-- Не понял ты меня, Семен, -- обиделся Лачуга. -- Отпустил меня генерал. Я сам попросился у него в разведку. Хотел разведчиком быть, а тут опять с котлом пришлось возиться.
-- Ах вон оно что!.. Ну ничего, Миша, не горюй. Кормить разведчиков -тоже большое дело. Дай-ка лучше закурить.
-- Некурящий я.
Сеньку осенила какая-то новая мысль.
-- Некурящий? -- притворно удивился он. -- Да как же это ты? Не понимаю. Я вот, например, подыхаю без курева. Выдадут на неделю, а я за один день все искурю. А потом хожу, щелкаю зубами, как голодная дворняжка, да покурить спрашиваю. Впору хоть вой...
С присущей ему сообразительностью Семен сразу же оценил обстановку. Если вести себя по-хорошему с этим поваром, думал он, то можно получить от него не только привилегию в смысле котлового довольствия, но и положенную ему порцию махорки. Оттого-то Ванин и подобрел так быстро.
-- Тебе пора уже к котлу вставать, -- услужливо заговорил он. -- Может, помочь дровишек наколоть? Это я мигом.
-- Не надо. Я сам.
Сенька в душе выругал недогадливого кулинара, но все же надеялся, что его слова произведут необходимое воздействие на некурящего повара.
Ванин взял топор и вышел из мазанки. Остановился, хищно кося глаз на курицу, мирно рывшуюся в мусоре и что-то там выклевывавшую. Затем нагнулся, взял полено и поставил его на попа. Взмахнул топором и опустил его на... голову курицы.
-- Что ты наделал? -- в ужасе заорал Лачуга.-- Это ж хозяйская курица!
-- Неужели? Ай-ай-ай! -- притворно заахал Семен.-- Ну, так поскорее ее в котел -- и концы в воду!
-- Вот набить бы тебе самому "котел", тогда б ты знал, как совать свой нос...
-- Ну-ну, ты полегче! А то остальные зубы повыбью!
В дверях мазанки появился молодой разведчик Алеша Мальцев. Запыхавшись, он сказал:
-- Товарищ ефрейтор, к командиру роты.
Сенька оглянулся, досадуя на то, что не удалось довести дело до конца.
-- Ну, пошли.
Мальцев перепутал: Ванина вызывал не командир роты, а старшина Пинчук, нашедший для разведчика какую-то работу.
4
Марченко же сидел у себя в хате и выколачивал о стол разноцветный мундштук, ожидая, когда к нему явятся с докладом Пинчук и Кузьмич. Те вскоре пришли,
-- Докладывайте, -- приказал лейтенант, не прекращая своего занятия.
Это не понравилось Пинчуку, и он громко обратился к командиру:
-- Товарищ лейтенант, разрешите докладать!
-- Что кричишь? Я не глухой. Сказал же -- докладывайте.
-- Так я хотел по всей хворме.
-- После войны -- по всей форме. А сейчас не до этого.
Марченко вдруг легко вскочил на лавку и, быстро обернувшись, присел на подоконник. Тонкий и сухой, стремительный, он как-то весь подался вперед, будто готовился к прыжку. Из-под тонких броней поблескивали глубоко посаженные каштанового цвета глаза.
-- Ну, я слушаю.
Кузьмич и Пинчук доложили: первый -- о сдаче, а второй -- о приеме имущества.

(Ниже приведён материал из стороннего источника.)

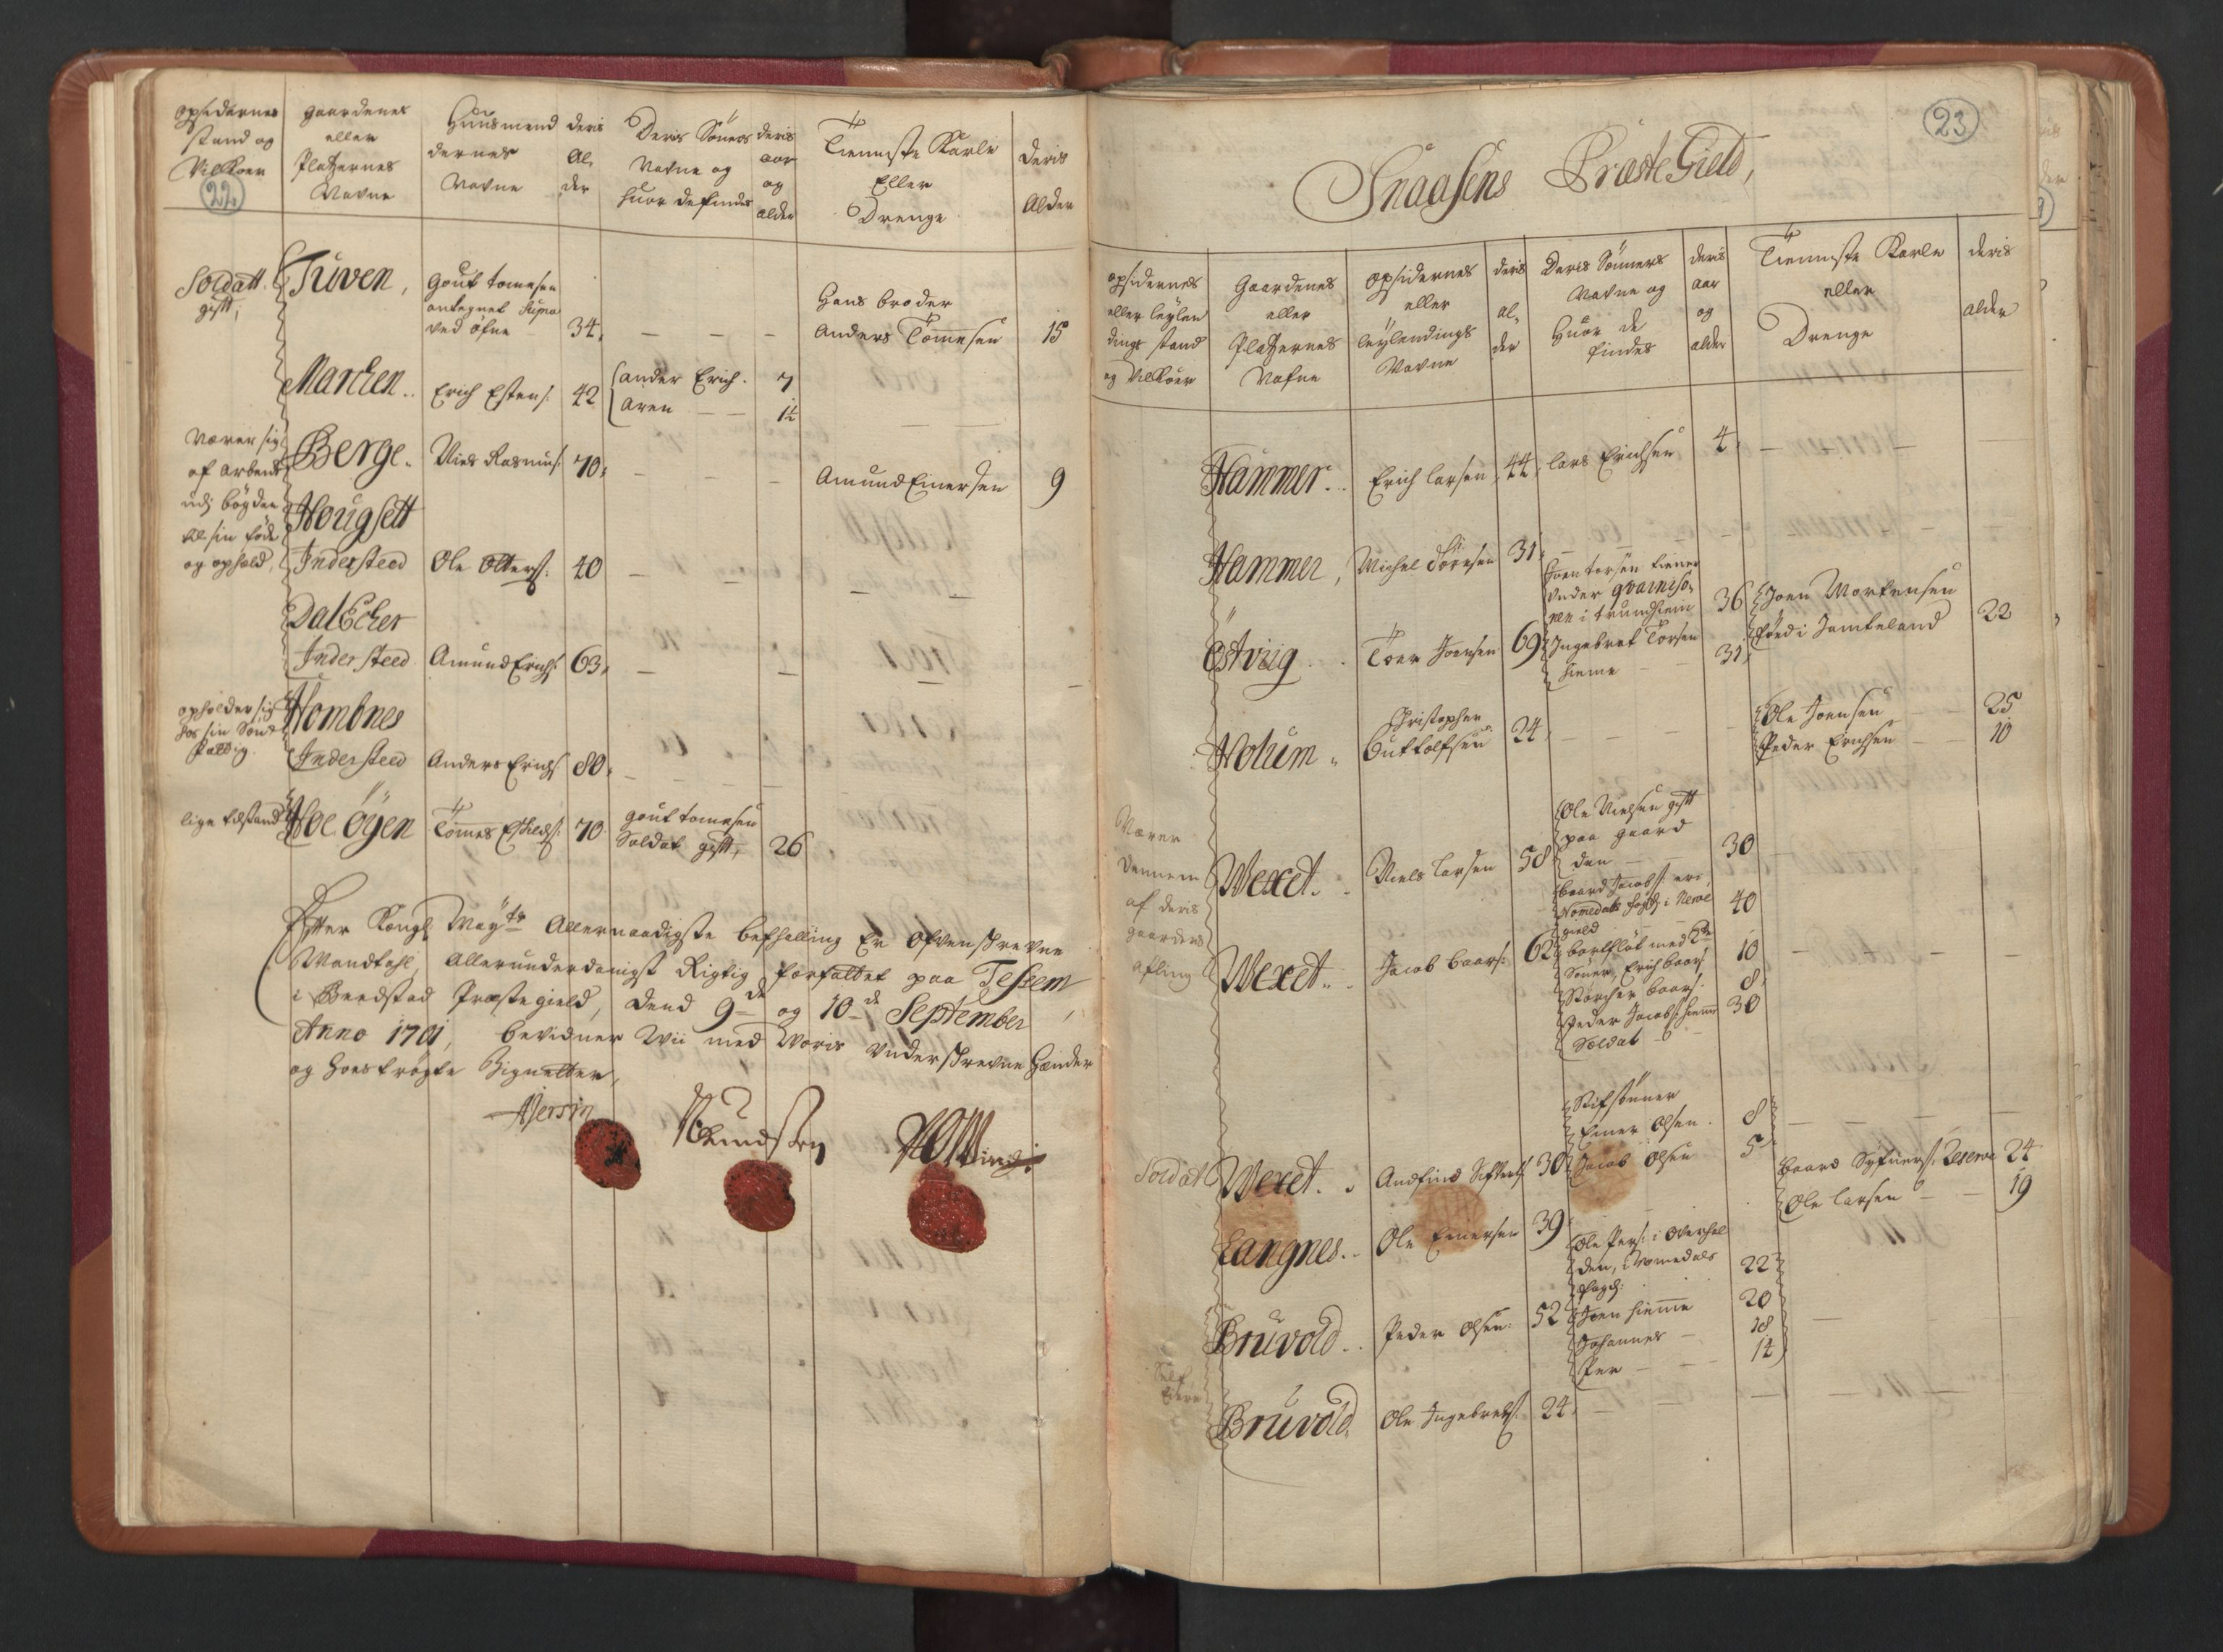 RA, Manntallet 1701, nr. 15: Inderøy fogderi og Namdal fogderi, 1701, s. 22-23

Выслушав доклад, лейтенант приказал прислать к нему Акима.
Пинчук с видимой неохотой уходил из хаты. Он надеялся, что командир роты поинтересуется, как у него, старшины, обстоят дела, что его волнует и прочее. Но ничего этого не случилось. Кровно обиженный, Пинчук все же проговорил:
-- Время, мабуть, у него нэмае.
Встретив Акима на улице, старшина холодно передал приказание:
-- Командир вызывав.
Аким удивленно посмотрел на Пинчука, хотел о чем-то спросить, но тот быстро прошел мимо.
-- Писарем хочу тебя поставить, -- сказал Марченко, когда Аким появился в хате. -- Как ты на это?..

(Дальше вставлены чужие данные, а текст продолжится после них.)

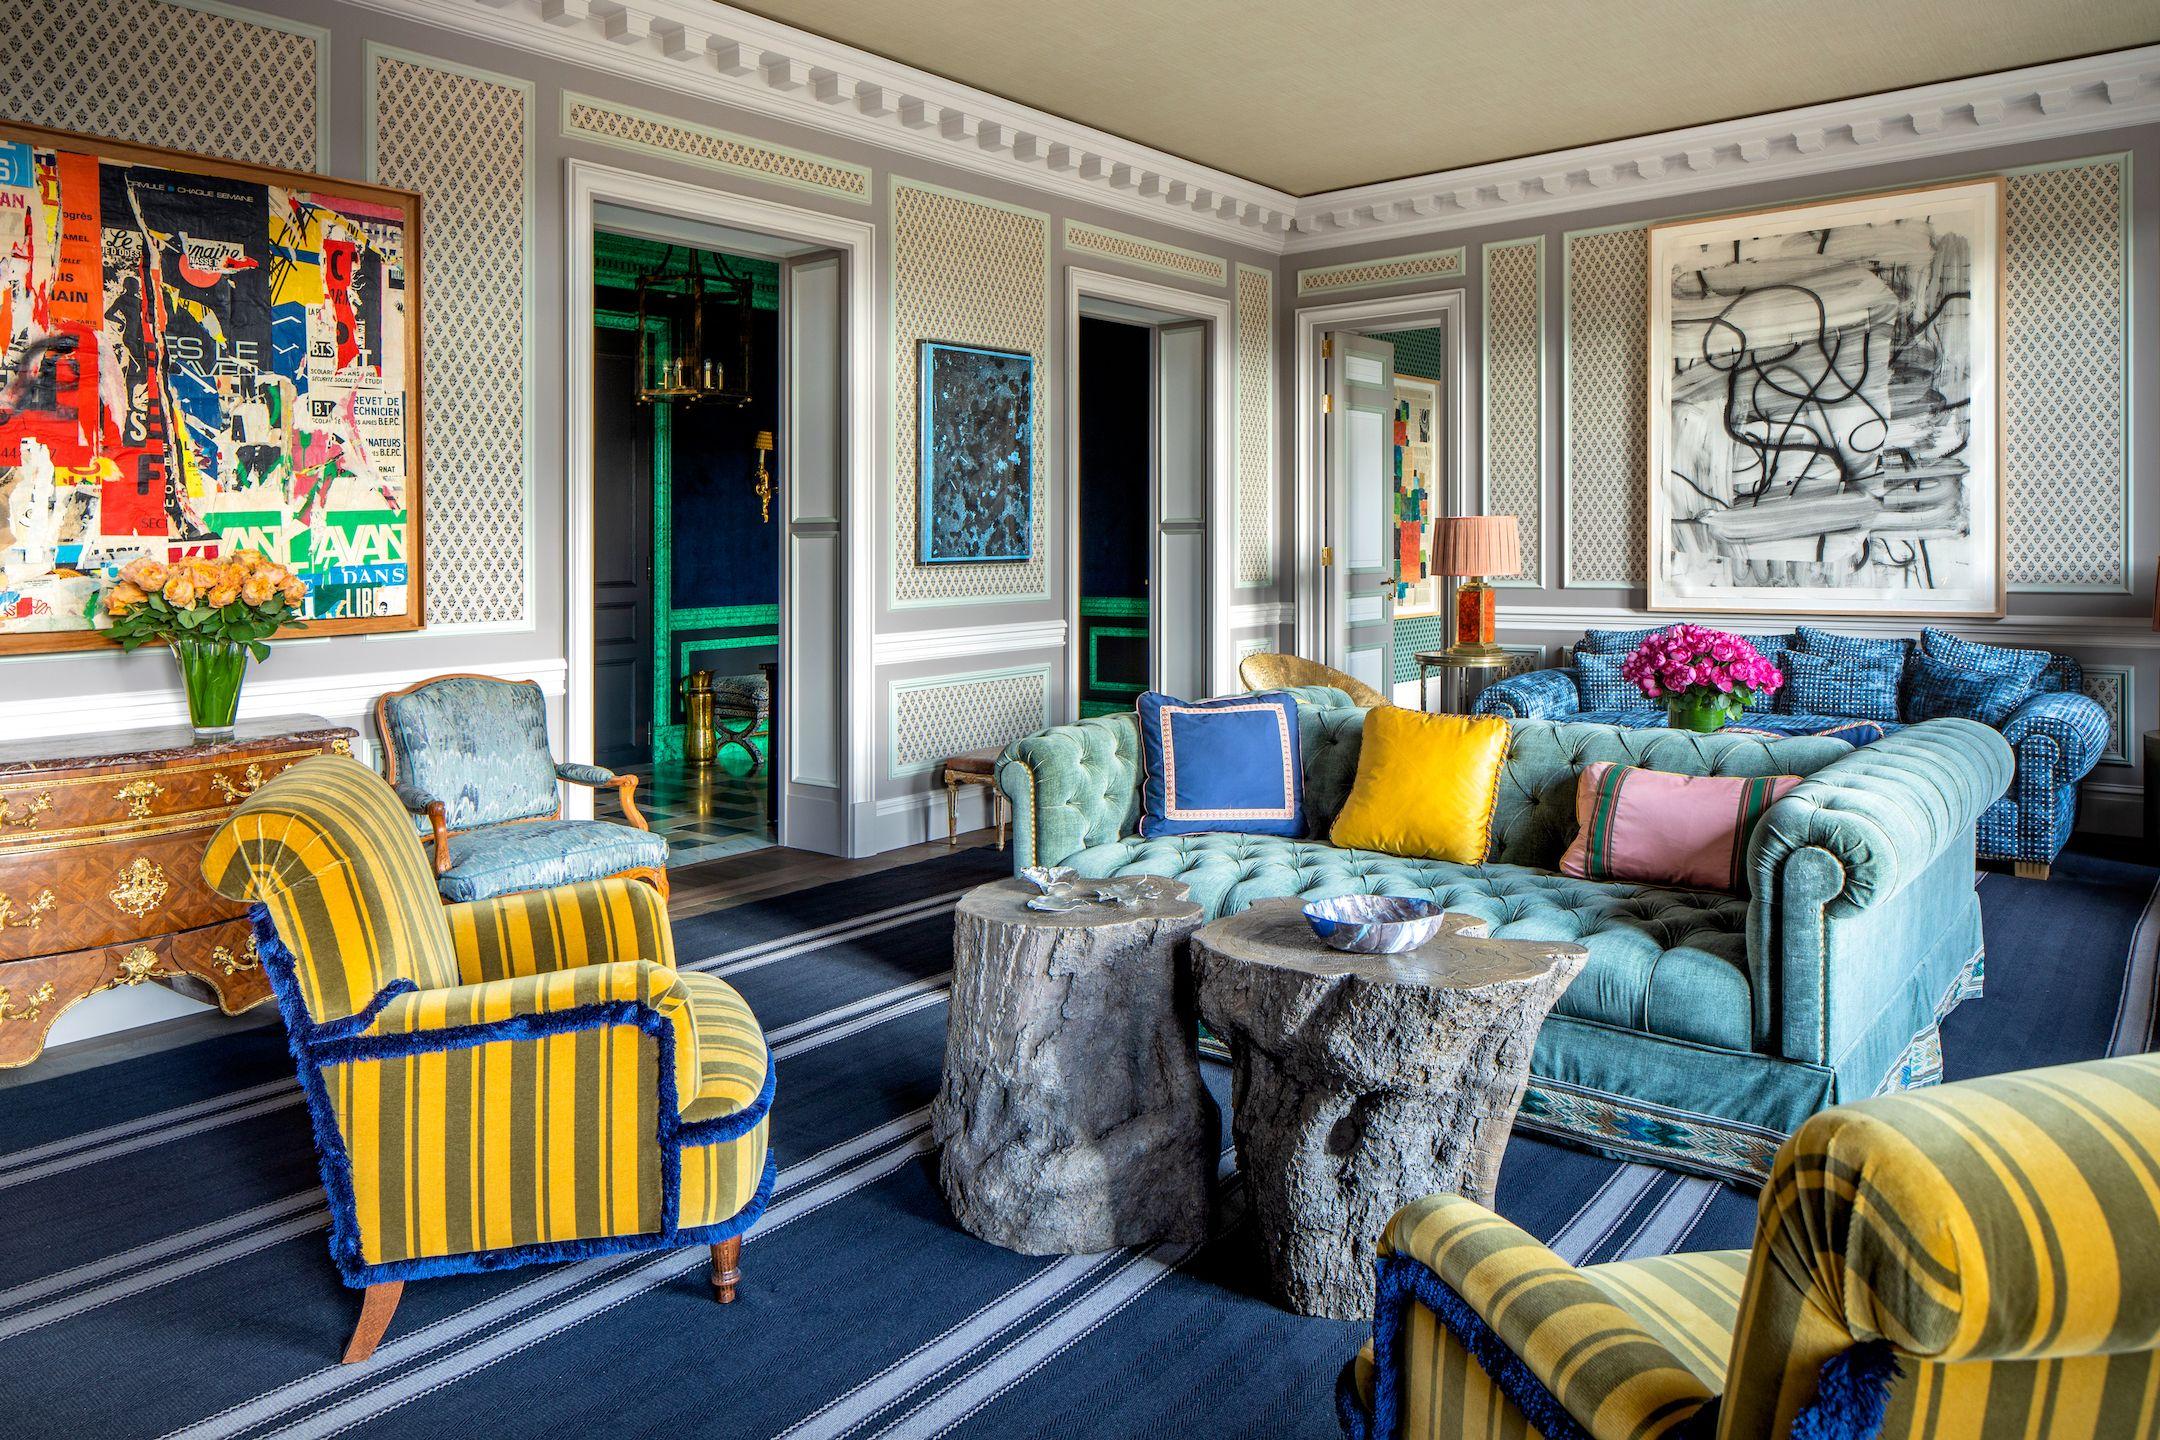 Paris Apartment by Lorenzo Castillo. Ricardo Labougle photogrpahy

Аким внимательно посмотрел на офицера, будто видел его впервые.
-- Как же? -- повторил Марченко свой вопрос.
-- Я бы попросил, товарищ лейтенант, не назначать меня писарем. -- Аким еще внимательнее, с каким-то беспокойным любопытством рассматривал командира и только теперь увидел, как был красив их лейтенант. -- Не хочу я быть канцеляристом.

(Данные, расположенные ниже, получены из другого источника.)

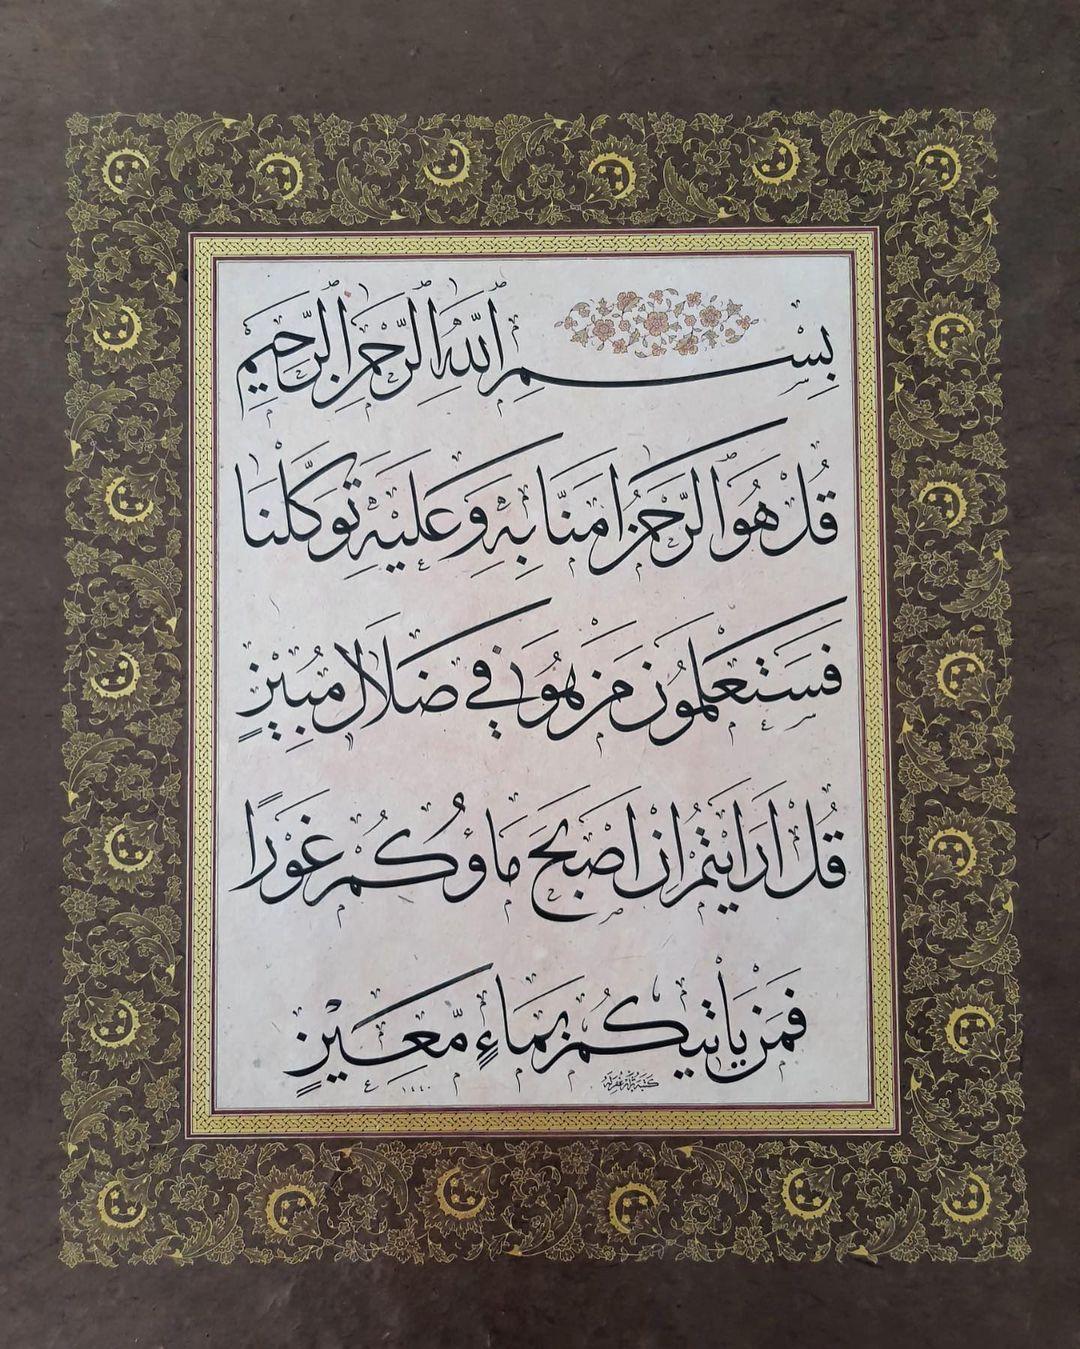 Professional Calligrapher Bijar Arbilly Calligraphy  القران الكريم..من تذهيب السيده گل جريك #calligraphy #kunst #art #tehran #istanbu… 387

-- Почему? -- Марченко соскочил с подоконника, мягкой походкой старого разведчика приблизился к высокому сутуловатому солдату. -- Почему?
-- Хочу воевать.
-- Воевать всем хочется, -- заметил недовольный Марченко. -- А мне писарь нужен. -- Помолчав, он примирительно спросил: -- Кого бы вы могли порекомендовать?
-- Не знаю, товарищ лейтенант. Вряд ли кто захочет стать писарем. Особенно сейчас, когда готовится такое...
-- Знаю. Ну что ж, идите!
На улице шел дождь. Крупные, как картечины, капли подпрыгивали на дороге, косо резали горькие лопухи. Солнце еще не было закрыто тучами, и оттого дождь казался совсем нестрашным. Не хотелось прятаться от него, бежать под крышу. С востока, описав тысячемильную дугу, шагнул до самого дальнего запада спектр огромной радуги.
Аким остановился посреди улицы и невольно залюбовался ею. Всматриваясь в небо, он различал большие косяки наших бомбардировщиков. Они летели на одном уровне с вершиной радуги, купаясь и поблескивая дюралюминием в ее неповторимом разноцвете. Зрелище это потрясло Акима. Он зачарованно смотрел на радугу, не слышал даже, как подошел к нему Ванин.
-- Что ты, Аким, стоишь тут, как татарский мулла?
Аким вздрогнул и оглянулся.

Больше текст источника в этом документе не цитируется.